Herd the one about the clever pig?

8th November 1996 at 00:00
Anyone who saw the film of Babe (aka, The Sheep-Pig by Dick King-Smith) will cherish its essential good nature and whimsical fun in the story of a pig who learns to herd sheep.

Cover-to-Cover has relaunched its smashing version, read by Stephen Thorne (110 minutes Pounds 7.99). Like all Cover to Cover's audiotapes, this one is the whole text and nothing but the text, slightly to the dismay of some young listeners who might want to track down such filmic heroes as Monty the Brooklyn duck or Rex the ageing and irritable collie-dog dad.

For adult hearers, the memory of the film is a useful reminder of how heavily Dick King-Smith's anthropomorphism is based in animal reality compared to the Hollywood slapstick which enlivened the film of Babe. Stephen Thorne's voices are nicely judged to give a good range of character, from the not-so-stupid sheep to the very stupid farmer's wife or from the laconic farmer to the brisk mother collie Fly, while still staying well within the parameters of the cosy.

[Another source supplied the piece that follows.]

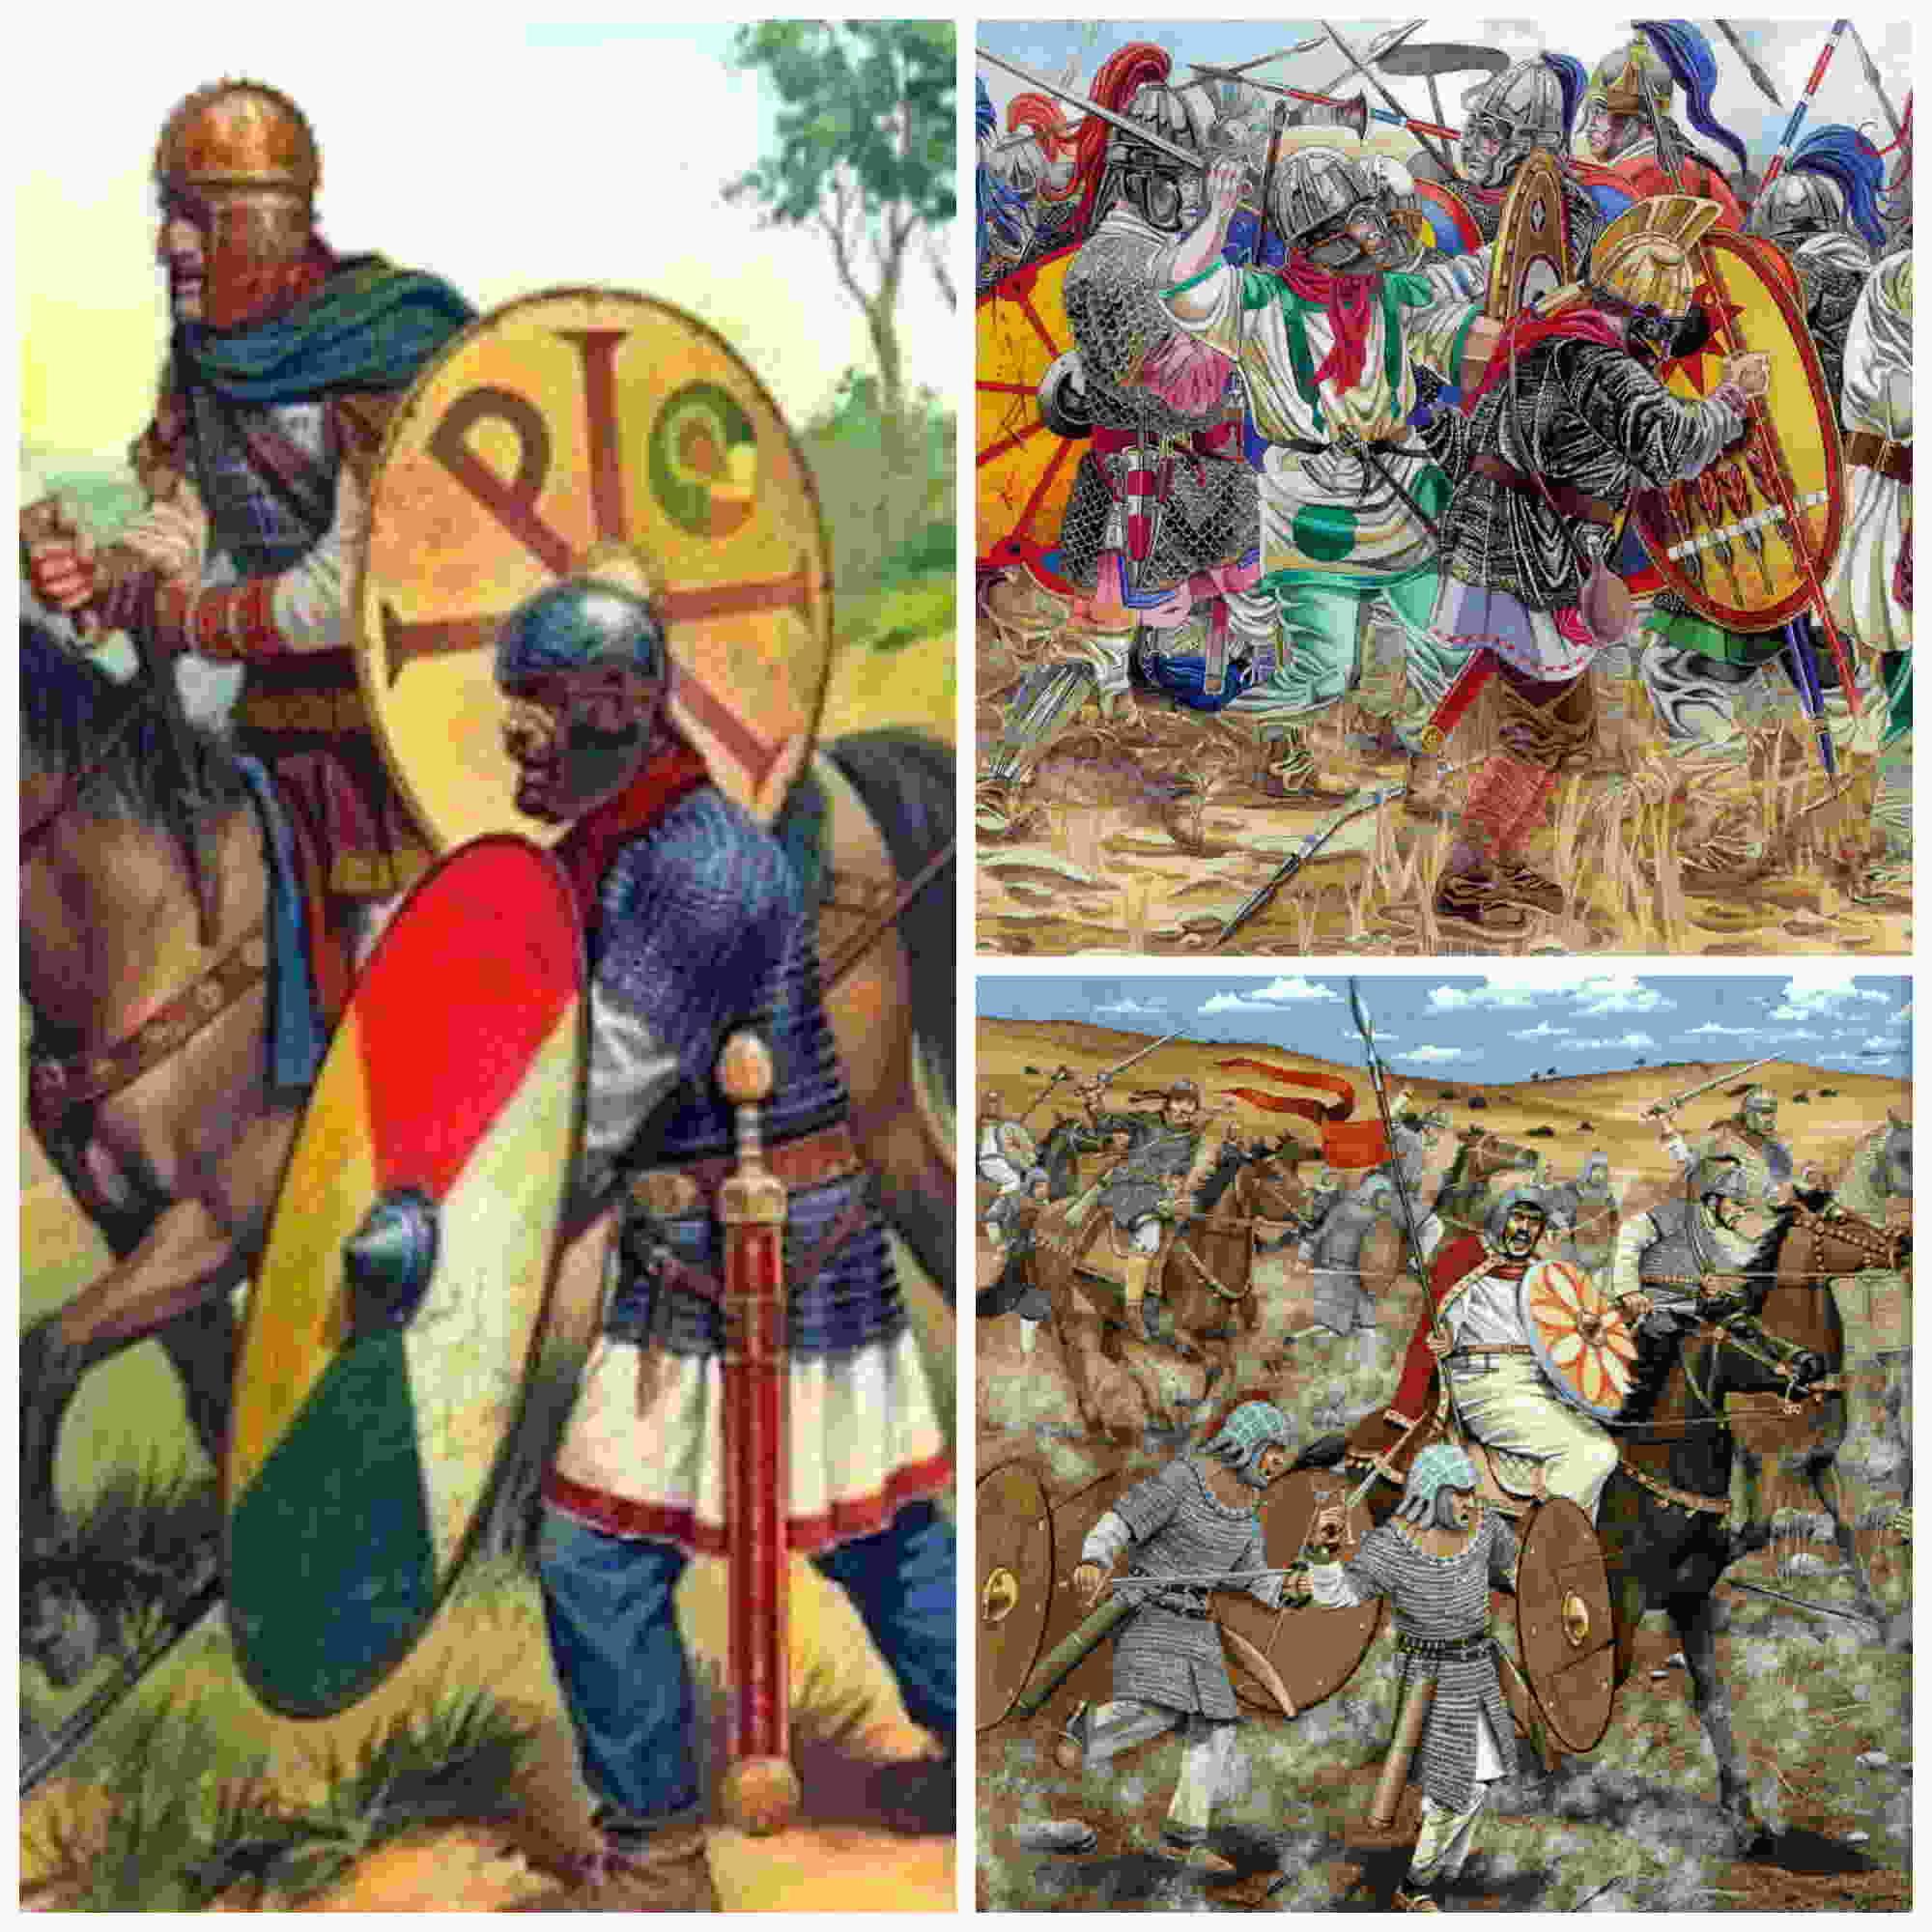 El ejército de Bizancio en el siglo VI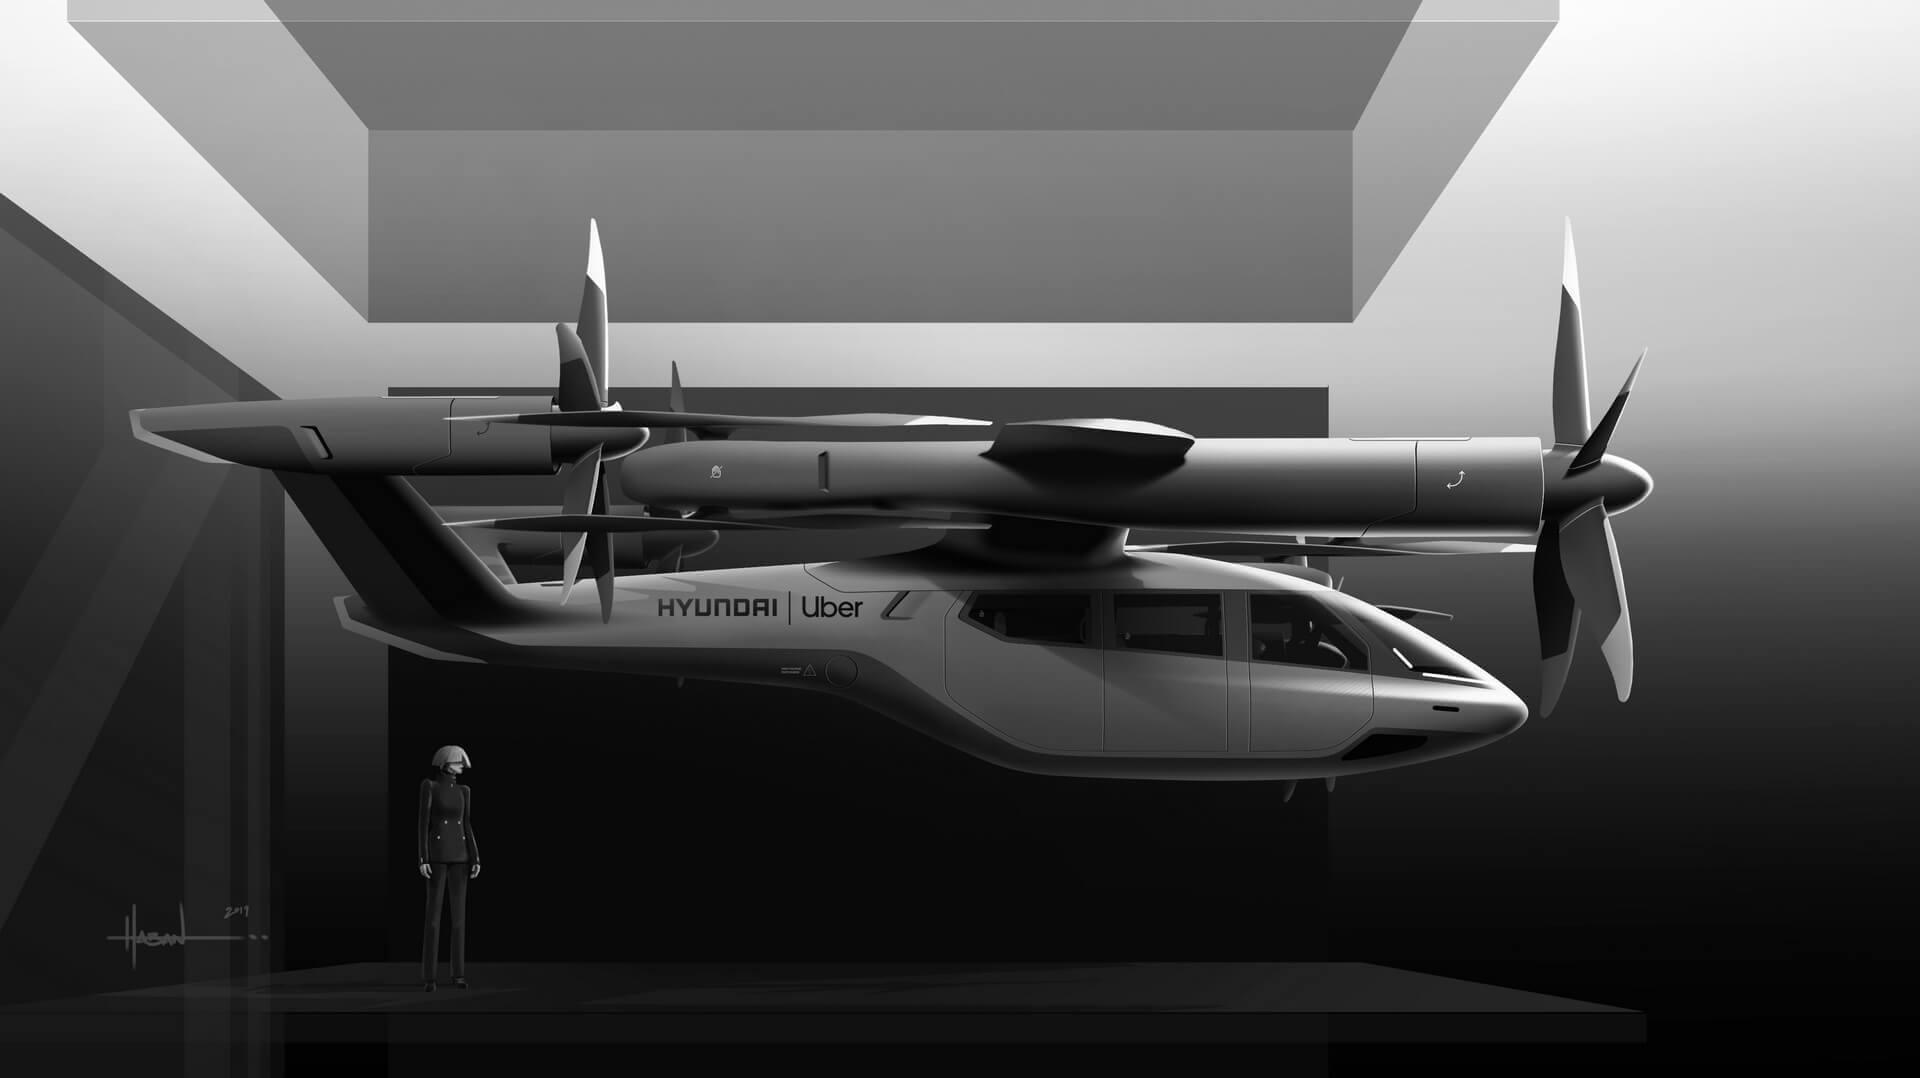 «S-A1»: концепт персонального воздушного транспорта, разработанный совместно с Uber

Enjoyed by all ages from six to 16.

Far from cosy are two horror tapes aimed at the 11 to 14 age group. Trick or Treat is from the Point Horror stable (two hours, Scholastic Pounds 6.99) and has the usual Point Horror combo of inane social detail and creaking Gothic special effects. Thus our heroine meets the dishy local boy in the hardware store and chats him up over a pot of paint. Strangely enough, it is his cousin who reveals that the house Martha and her stepfamily have moved into is (Oh! No!) the house where Something Dreadful has happened. When Martha finds out that the creative writing teacher is the dishy boy's cousin, The Plot Thickens - or curdles, perhaps, so predictable is this kind of clockwork horror.

Nevertheless, sub-teenies seem to love such cut-out characters suffering such improbable disasters: perhaps it jibes with their developing sense of a world filled with random catastrophe and heavy with the atmosphere of sex (there are lots of meaningful interchanges between members of the opposite gender).

A slightly classier horror tape comes from Collins. The Woven Path by Robin Jarvis is the first in the Wyrd Museum trilogy. The Wyrd Museum is one of those simple ideas which can be indefinitely exploited. Enter it (at your peril, naturally) and you can be dragged back in time (or forwards for that matter) to confront an evil force and rescue a doomed victim from a deserted bomb site. With prose like this: "With a clap of thunder the flaming coils gaped wide and Neil was shooting into absolute blackness", who needs any other plot device?

For wallowing in emotion and relishing words, you can't beat poetry, when all is said and done. A delightful compilation from Naxos Books, The Pied Piper of Hamelin and Other Poems (118 minutes, Pounds 7.99) is aimed at a similar age-group to the horror tapes (8 to 13) but is far more varied and enjoyable. Read by Anton Lesser, Anne Harvey and Katinka Wolf, the poems range from ballads and ballad-imitations such as "The Pied Piper" and "Sir Patrick Spens" to nonsense poems like "The Jumblies", classics like Masefield's "Cargoes" and Shakespeare's "When Icicles Hang by the Wall" and lyrics like Monro's "Overheard on a Saltmarsh" and Clare's "Little Trotty Wagtail". The selection, by Jan Fielden and John Mole, is fine; the reading accomplished. Only one caveat: accents should only be assumed if perfected. The American on "Big Rock Candy Mountain" and the Scottish on "Sir Patrick Spens" make a botch of both sense and rhyme and would be better abandoned. On the whole, though, a spine-tingling feast of words which knocks cardboard horror into a witches' hat.